Personal information
- Full name: Richard Green

Playing information
- Position: Prop, Second-row, Hooker
Club
| Years | Team | Pld | T | G | FG | P |
| 1908–09 | South Sydney | 21 | 7 | 16 | 0 | 53 |
| 1911 | Annandale | 5 | 0 | 5 | 0 | 10 |
| 1912 | South Sydney | 6 | 0 | 0 | 0 | 0 |
|  | Total | 32 | 7 | 21 | 0 | 63 |
Representative
| Years | Team | Pld | T | G | FG | P |
| 1908–09 | New South Wales | 2 | 0 | 0 | 0 | 0 |
- Source:

= Dick Green (rugby league) =

Australian rugby league footballer

Dick Green was an Australian rugby league footballer who played in the 1900s and 1910s.
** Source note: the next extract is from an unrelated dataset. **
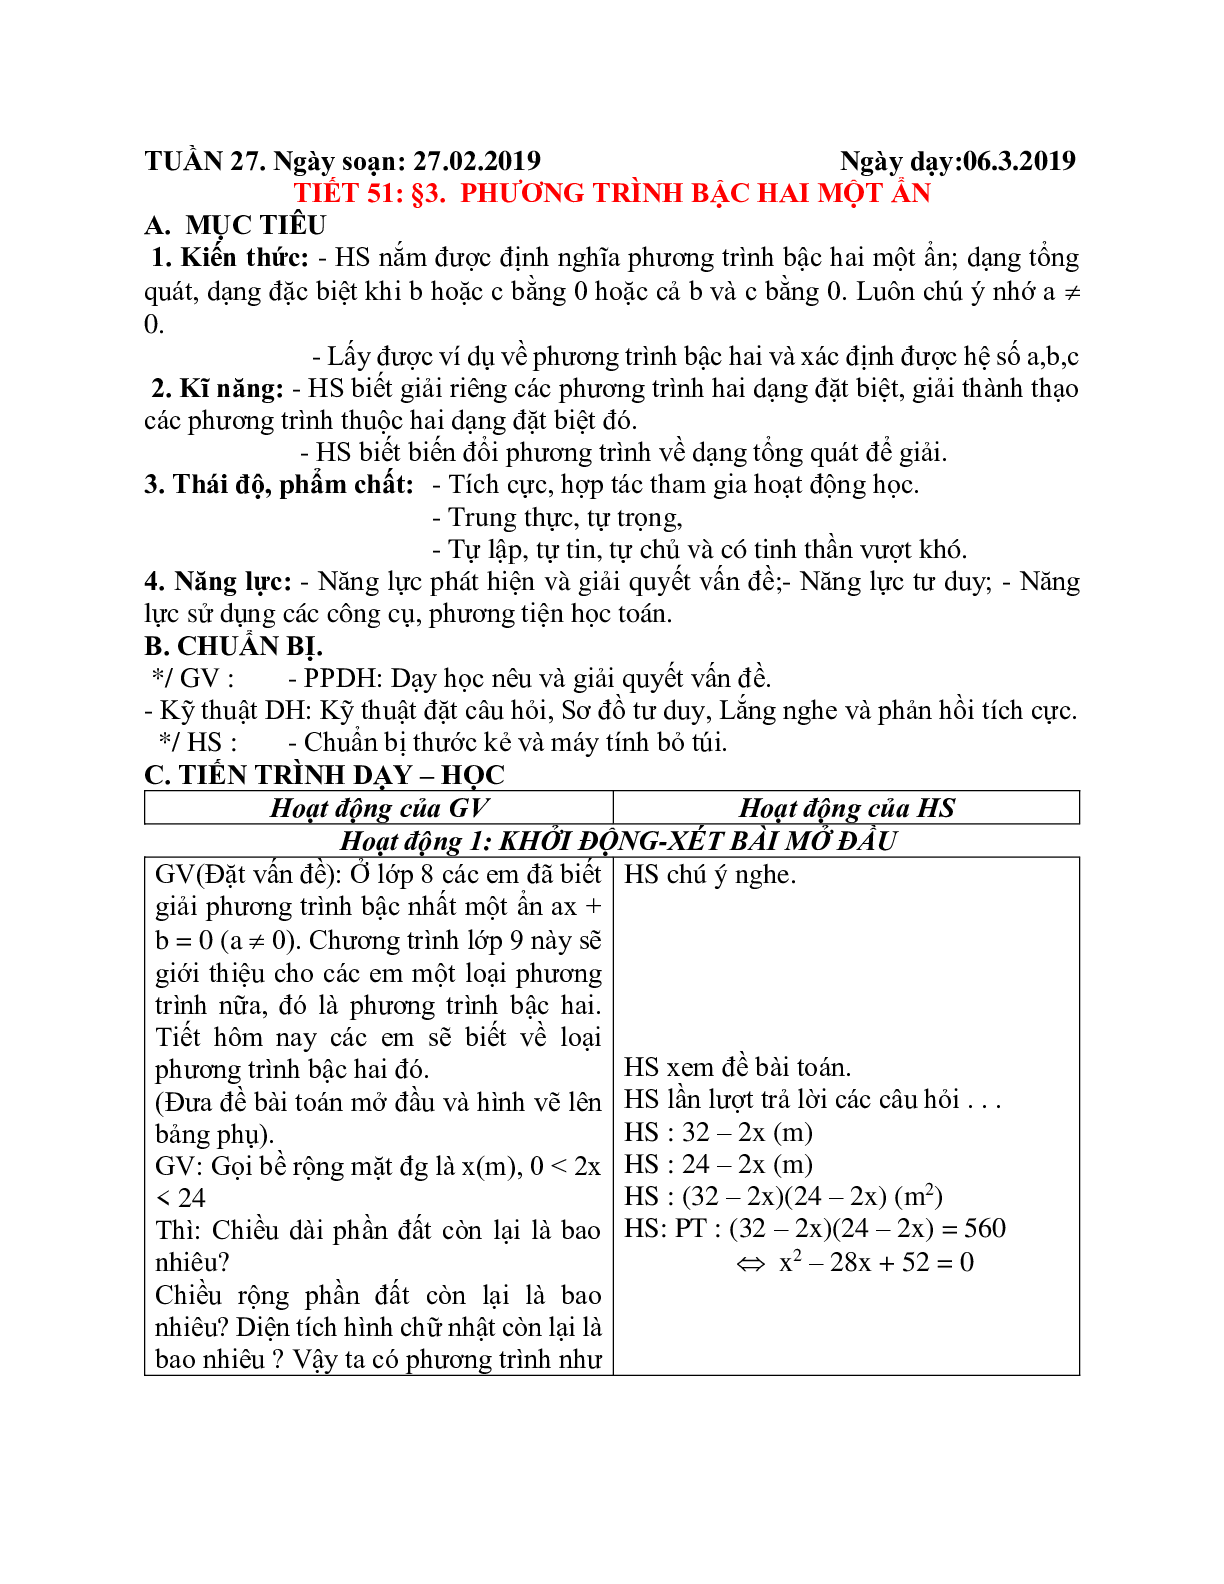 Giáo án Phương trình bậc hai một ẩn (2023) mới nhất - Toán 9 (trang 1)

He played for South Sydney and Annandale in the New South Wales Rugby League (NSWRL) competition. Green was a foundation player for South Sydney being a part of the club's first ever season and playing in their first ever game.

==Playing career==
Green played in South Sydney's first ever game against North Sydney in the opening week of the NSWRL competition. South Sydney defeated Norths 11–7 at Birchgrove Oval with Green scoring one of the club's first tries.

Souths went on to claim the inaugural minor premiership in 1908 and reach the first NSWRL grand final against Eastern Suburbs. Green played at prop as Souths claimed their first premiership winning 14–12 at the Royal Agricultural Society Grounds in front of 4000 spectators.

In 1909, Green played 10 times for the club as Souths claimed their second premiership in a row against Balmain in controversial circumstances.

Green did not make an appearances for Souths in 1910 spending the whole season playing with the South Sydney Federals. In 1911, Green joined Annandale and spent one season at the club before returning to South Sydney. Green retired at the end of 1912.